We may have stumbled across the Metropol Parasol (middle picture on the top row), but after half an hour of wandering around under the structure and exploring the market hall, we had yet to find the entrance hall and the lift to get up onto the walkway up top.
Yes, you’ve guessed it, we’d walked past it as the entrance hall is underground and we’d missed the signpost at street level that would have put us in the right direction.
At €3 each, the admission charge wasn’t going to break the bank, but there were a couple of add-ons that made it even more worthwhile.
Apart from giving us access to the walkway, we also had a free beer each from the tapas bar at the top and a free postcard to collect from the shop in the Parasol’s basement area.
We spent a fair amount of time on the walkway. Some of that was just taking in the views and taking the occasional photos whilst the rest was having to wait for a bunch of hipster beardies to take what appeared to be their obligatory selfies on their mobile phones.
Not only were they taking a lot of selfies, but this flock (or should it be herd?) of beardies were also rather oblivious to the fact that there were quite a few people trying to either look at the view from the viewing section or trying to take their own photographs of the view rather than shooting themselves…
After free beer, postcards and plenty of time spent soaking up the sun and the views on the Parasol’s top deck, we headed back down and found a cafe for a light lunch and more wandering around.
More of the Metropol Parasol plus a whole lot of bull going on…
We weren’t using street maps to get around Seville as we found it easier to just roll the dice and see where we ended up. This first day in Seville was like all of the others spent in Spain – free and easy without any real need to hare around all of the sights listed in the various guidebooks we’d read before we got on the plane to Malaga.
IF we wanted to wander around, we wandered around, if we wanted a coffee or a beer then we stopped for refreshments and if we wanted to stop for rather good ice cream, sorry, gelato, we did – at a shop cum cafe on Avenida De La Constitution.
€9.20 for two ice cream cones? You’d better believe it, but they were probably the best ice creams that we’ve had and they also came with a pretty high standard of presentation too…
So what next? A mooch back to the digs, where we opened our room and initially thought the worst as none of our bags, clothes or other kit was anywhere to be seen.

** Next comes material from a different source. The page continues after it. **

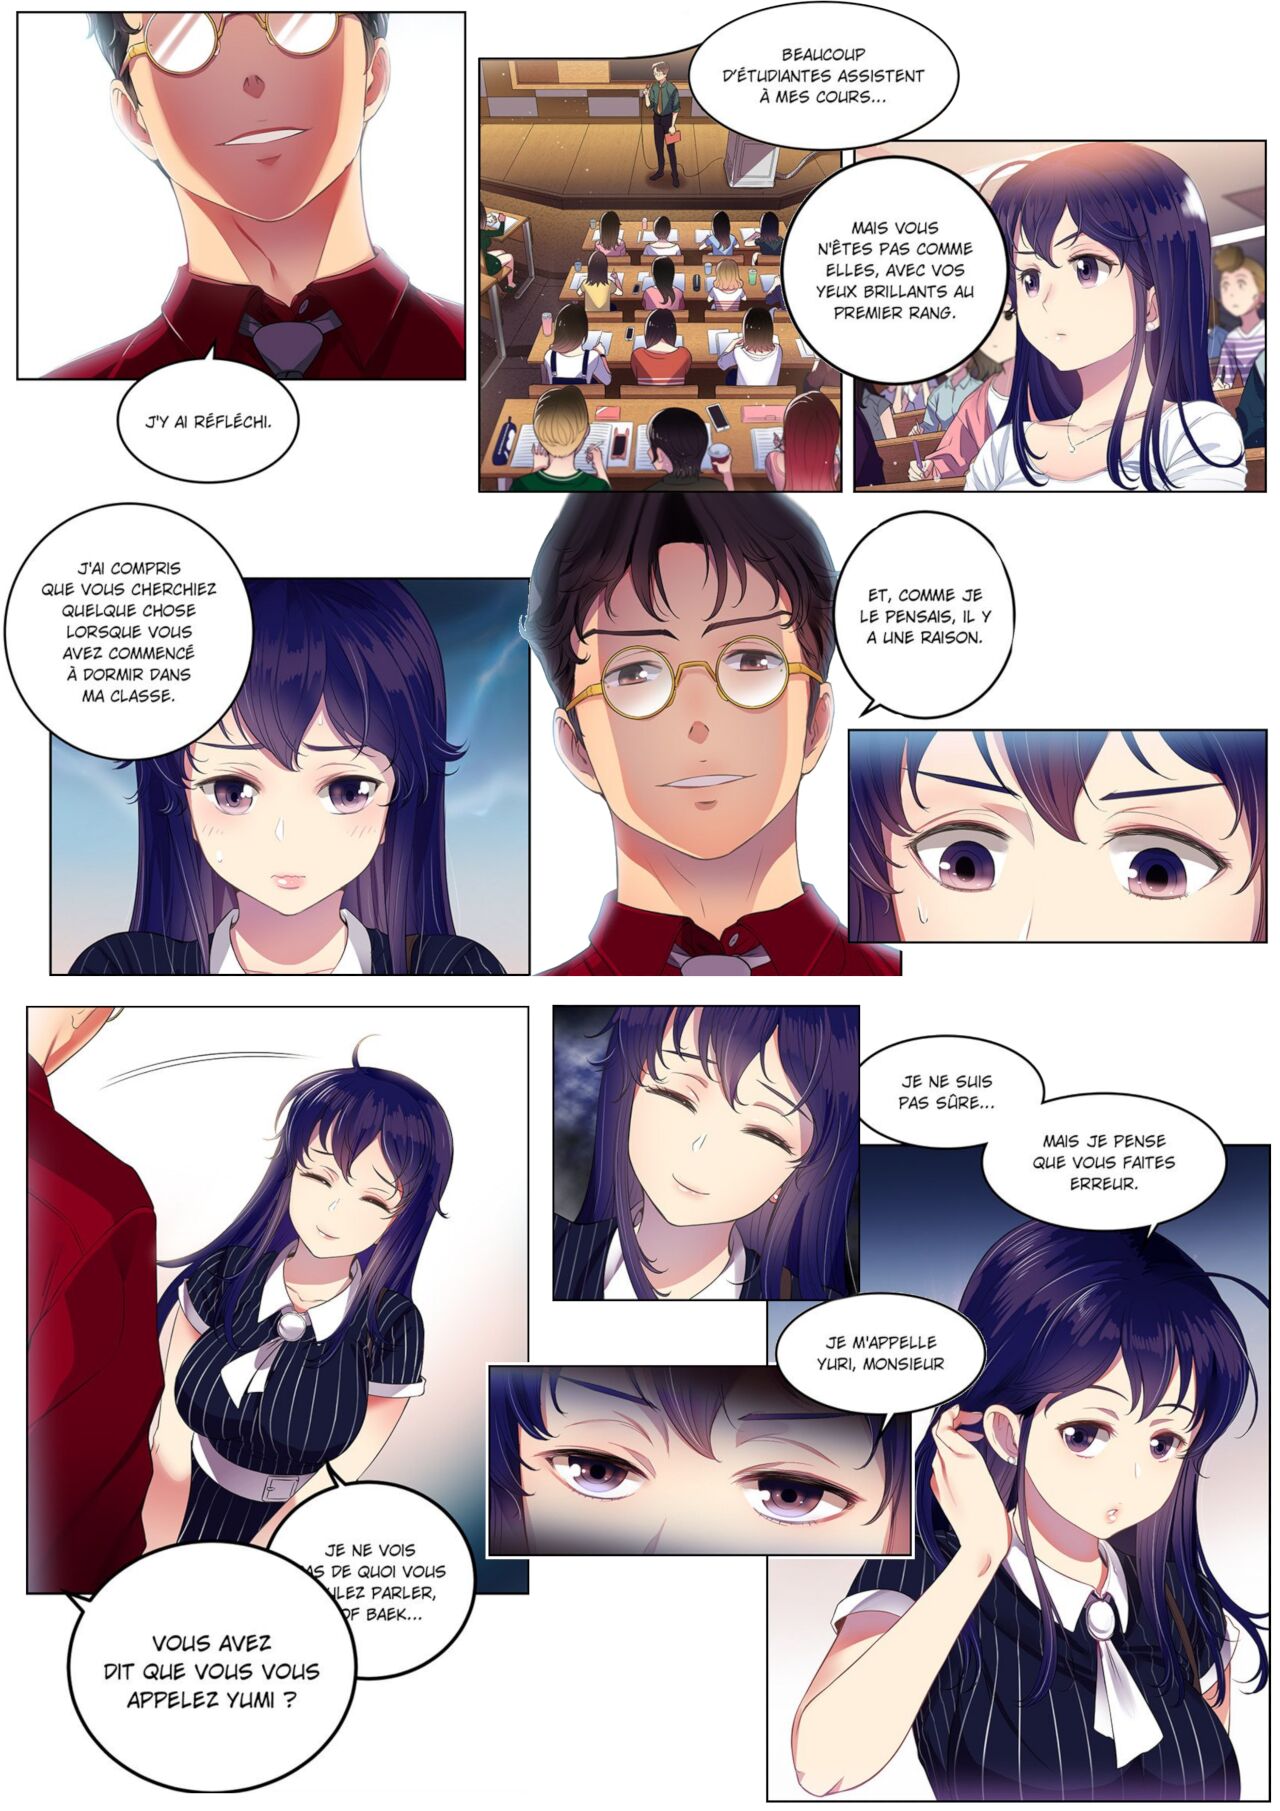 La double vie de Yuri numero d'image 65

When we found out what had happened, our shock turned to something else. Our kit had been moved back to the room we’d been in originally and whilst it was all in order and nothing was missing, we’d have appreciated it more had the owner waited until we got back and allowed us to move our kit ourselves.
Once we’d raged silently against the machine, it was siesta time, reading time and then wash and change time before heading out in search of our evening meal. Although we’d looked at a few places during the day, we wandered around for a while as most places were relatively empty, even though by now it was around 8.30pm.
One place had caught our eye, but we’d wandered on and then retraced our steps until we got back to Bar Pelayo – we took to calling it The Seven Bulls Heads – yes, seven bulls heads on the walls and plenty of memorabilia relating to bull fighting and bull fighters.
Bull fighting may not be to everyone’s tastes (it’s not ours), but it is a way of life in Spain and has been for a heck of a long time. I remember my aunt visiting Spain in the 1960s and talking about El Cordobes and bull fighting whilst a regular film at my local cinema’s Saturday morning film club was Tommy The Toreador starring pop star Tommy Steele.
Beer and wine were the drinks of choice for the night and whilst a couple of tapas dishes were the same as the night before, there were two that I indulged in that really hit the spot.
The first was gazpacho and the second was baked goats cheese. With ratatouille, spinach, tortilla and chorizo also on the menu, we didn’t need a sweet course, but did indulge in another beer and wine each before wending our way back to the digs that we don’t mention the name of for some light reading and a couple of soft drinks before we turned in for the night.
More on Seville next Wednesday…
Some of the many faces of Seville – which is why we’re going back!
Our wish list for Seville was a short one – see the Metropol Parasol, visit the Real Alcazar, have tapas for the first time, take in at least one flamenco performance and (in Caroline’s case) pay a visit to the Cathedral.
Our bus from Malaga reached Seville in late afternoon and it should have theoretically a half hour walk to our digs for the next four nights.
We checked in sixty minutes later and were shown to our first floor room. Simple? Yes. Basic? Yes? Budget friendly? Yes.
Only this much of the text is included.